I had my fog light housing melted... One bulb is completely melted and the other is on its way... I recently gapped my spark plugs to .039 on Wednesday. I put in aftermarket yellow bulbs off eBay in and the lenses tinted about 3 months ago. Would tapping my spark plugs overload the fog light bulbs and melt them? The first picture is the driver side that is melted to **** and back. the second one still turns on but is melting the housing around it.. can anyone enlighten me??


----------



## AutumnCruzeRS (Sep 10, 2012)

What bulbs size are you using. Not much help can be done with the housing. Gonna need to replace those. Im sure gapping the spark plugs has nothing to do with this. I tried using bulbs from ebay and they kept burning out in less than a month on me. I now have Hella Optilux Yellow bulbs and no issues.


----------



## sciphi (Aug 26, 2011)

The plugs and the bulbs are 100% gen-u-wine co-inky-dink. Them thar bulbs drew too much powah, and done gone melted yer housin! 

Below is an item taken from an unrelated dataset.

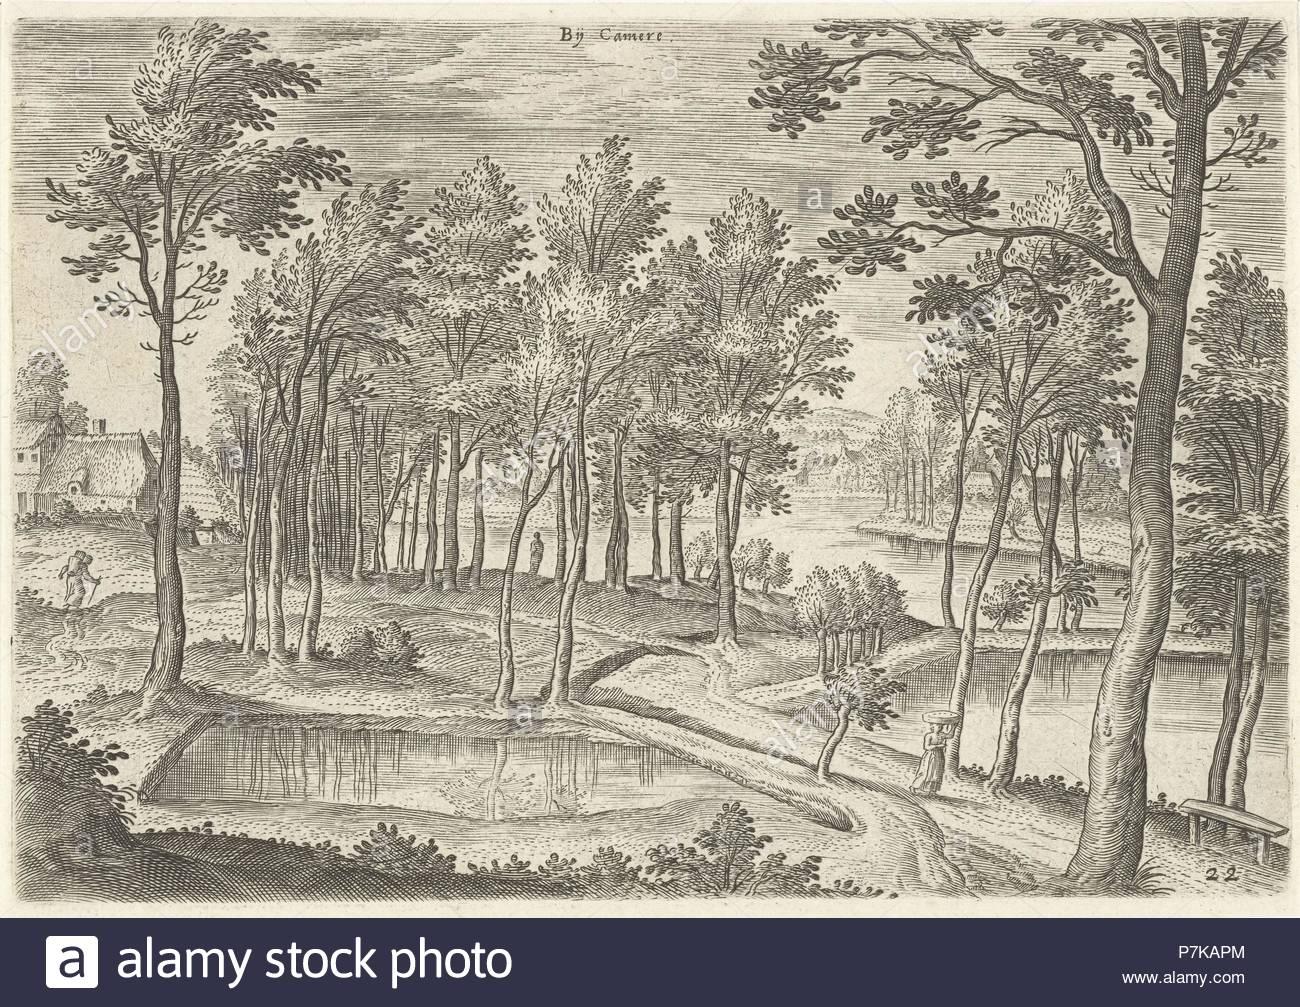 View of the ponds of Ter Kameren, La Cambre Brussels Belgium, Hans Collaert I, Hans Bol, Claes Jansz. Visscher II, 1530-1580. - Stock Image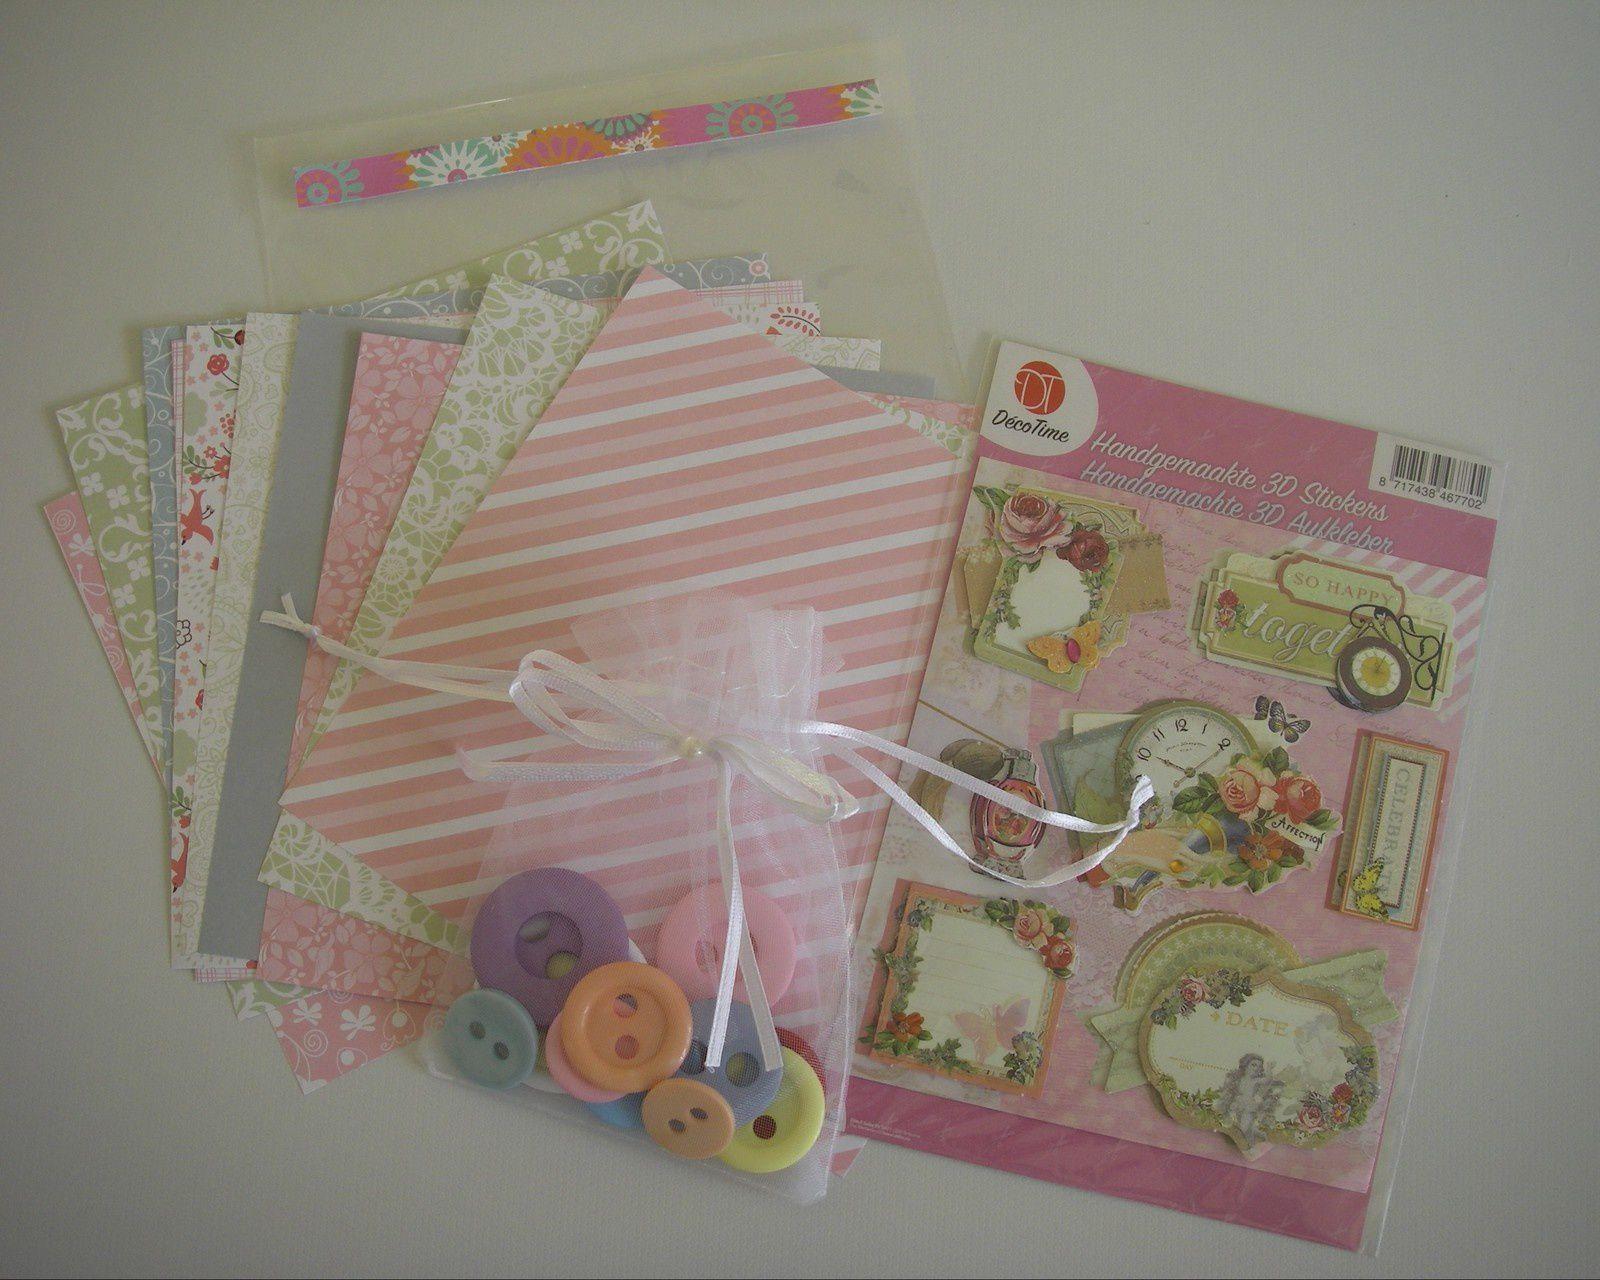 """La très jolie carte-pochette de Natyf (que je ne manquerai pas de """"copier"""" à l'occasion) accompagnée de petits cadeaux très sympas."""

If yer a-wantin JDM yeller fogs, best is to be runnin stock bulbs with yeller film on it. JDM tyte, yo, and no a-burning them thar housins!


----------



## Monath (Apr 20, 2013)

AutumnCruzeRS said:


> What bulbs size are you using.


I'm not sure what wattage they were either way too high or way too low, when I looked I couldn't find the stock Cruze's wattage rating. What's your watt rating on your new ones?

Sent from AutoGuide.com Free App


----------



## sciphi (Aug 26, 2011)

Back to serious, stock H8 is 35 watts. H8 bulbs are pretty junky for output. Not much can be done to improve power without swapping in another housing with something like a H11 that is 55 watts. A wiring upgrade would be needed to run any 55 watt bulbs in appropriate housings.


----------



## Monath (Apr 20, 2013)

I might say ****-it and just get the LED strips now. I see em for $70-130 on ebay.. Anyone think the $70 ones would give me a problem?


----------